Есенин был с нами, возле нас. Его стихи или изредка статьи с отзывами о сборниках поэтов (так, например, я помню о "Зареве" Орешина) я помещал в газете, никого не спрашивая из номинальных членов редакции в Москве (М. Спиридонова, Б. Камиов, В. Трутовский). Вскоре же я получил приглашение редактировать вторую газету "Голос трудового крестьянства", которая шла в деревню. Конечно, я немедленно пригласил Есенина участвовать и в этом издании. Мне хотелось всегда сделать ему что-нибудь приятное, радостное. Он был юн, блондин с голубыми, немножко с сумасшедшинкой, глазами. На вид ему было не больше 18 лет. Всегда улыбался, тихий, спокойный, легкий на походку, худенький. Он будто не шел, а порхал. Но стихов у него было мало и надо было всегда у него их выпрашивать. И, конечно, денег у него тоже было мало. Я делал тогда непозволительные вещи: печатал его стихи в "Знамени труда", а через некоторое время те же стихи в "Голосе трудового крестьянства", считая, что это издание для провинции, для русского читателя. Иногда просто перепечатывал его прежние произведения, считая, что хорошие стихи никому не повредят, а благодаря этому я мог выдавать чаще Есенину ордера в кассу на получение авторского гонорара. Это очень смешило и радовало его -- и он ценил нашу любовь к нему и к Зинаиде Райх, которая вскоре стала называться Есениной, сохраняя, однако и свое прежнее имя.

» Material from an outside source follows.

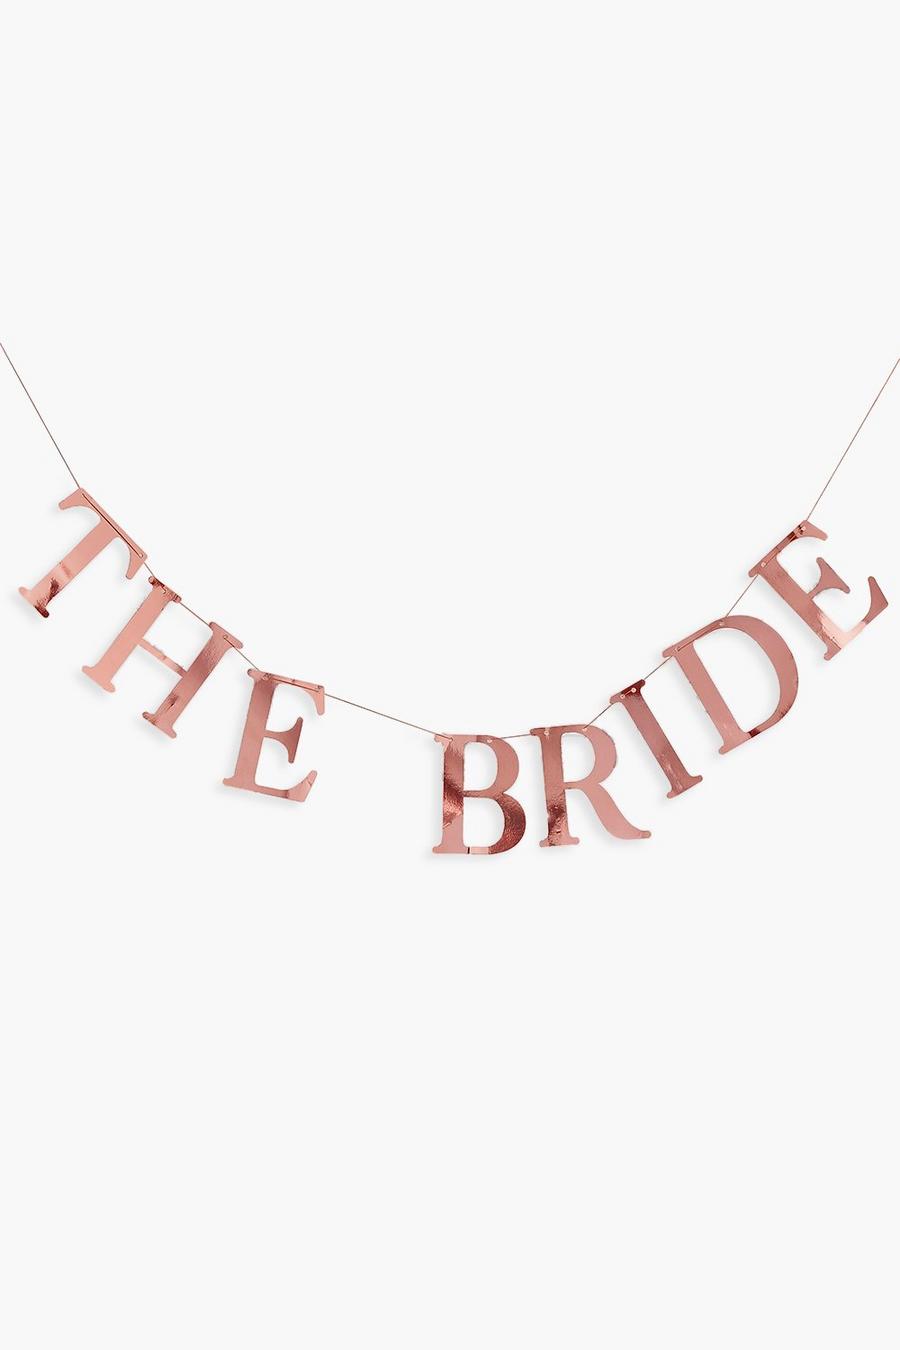 Rose gold Ginger Ray The Bride Peg Bunting image number 1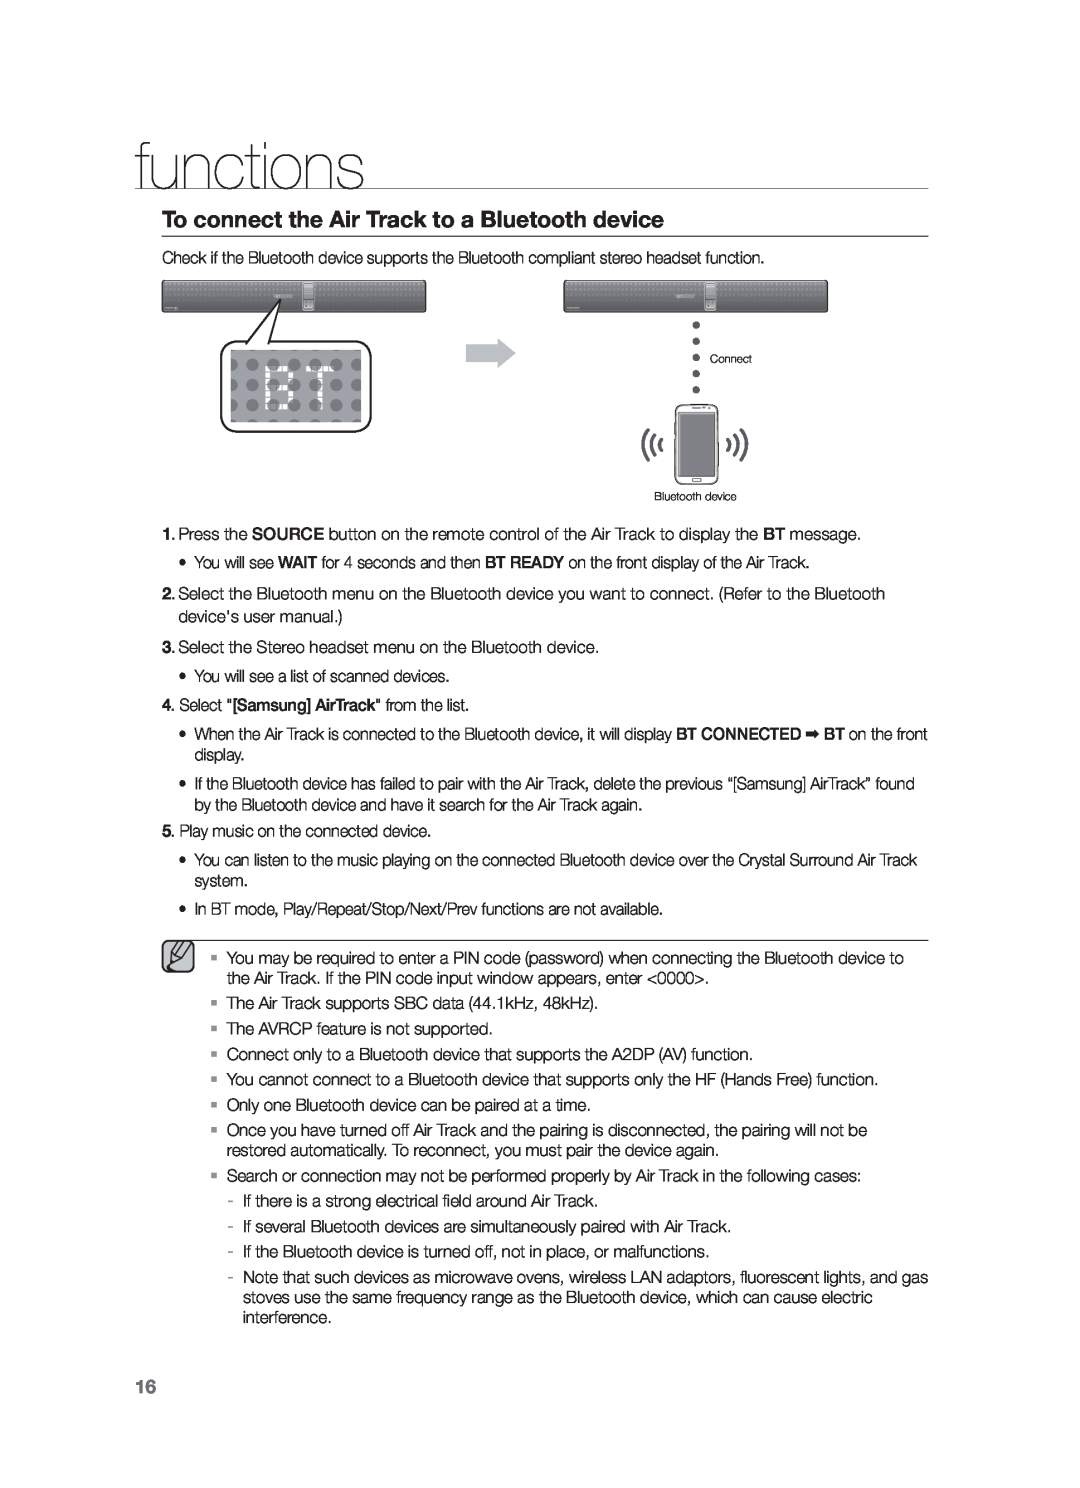 Samsung HW-F751/TK, HW-F751/XN, HW-F751/EN manual To connect the Air Track to a Bluetooth device, functions

Две Зинаиды -- Зинаида Валентиновна и Зинаида Есенина очень подружились. От своей Зины я узнавал многие подробности жизни Есенина. Иногда он исчезал на несколько дней и пропадал неизвестно где с неизвестными людьми. Это было время его дружбы с Анатолием Мариенгофом, Вадимом Шершеневичем, Александром Кусиковым и другими представителями литературной богемы Москвы того времени. Зинаида мирилась с этими чертами его характера, но ей было трудно, очень трудно, и об этом она часто рассказывала моей жене. Но это нисколько не мешало нашей дружбе -- я никогда не видел Есенина неприличным -- он всегда был джентльменом, трезвым, чистым, аккуратным. Та, другая сторона жизни, была мне известна лишь со слов второго лица -- моей Зинаиды.
3
С разрывом левых эсеров с правительством издание "Знамени труда" прекратилось (после 4 июля 1918 года). Мы прожили месяца два под Москвой, в Малаховке, а потом вернулись в Петербург, вероятно, в середине сентября. Прекратились и наши встречи с Есениным. Было голодное время, и мы решили ехать в Саратов. По дороге остановились в Москве -- это было в декабре. Снова виделись с Есениным, в нужде, но в радости. Возможно, что в это время он уже был компаньоном по ведению лавки в Москве -- не помню с кем.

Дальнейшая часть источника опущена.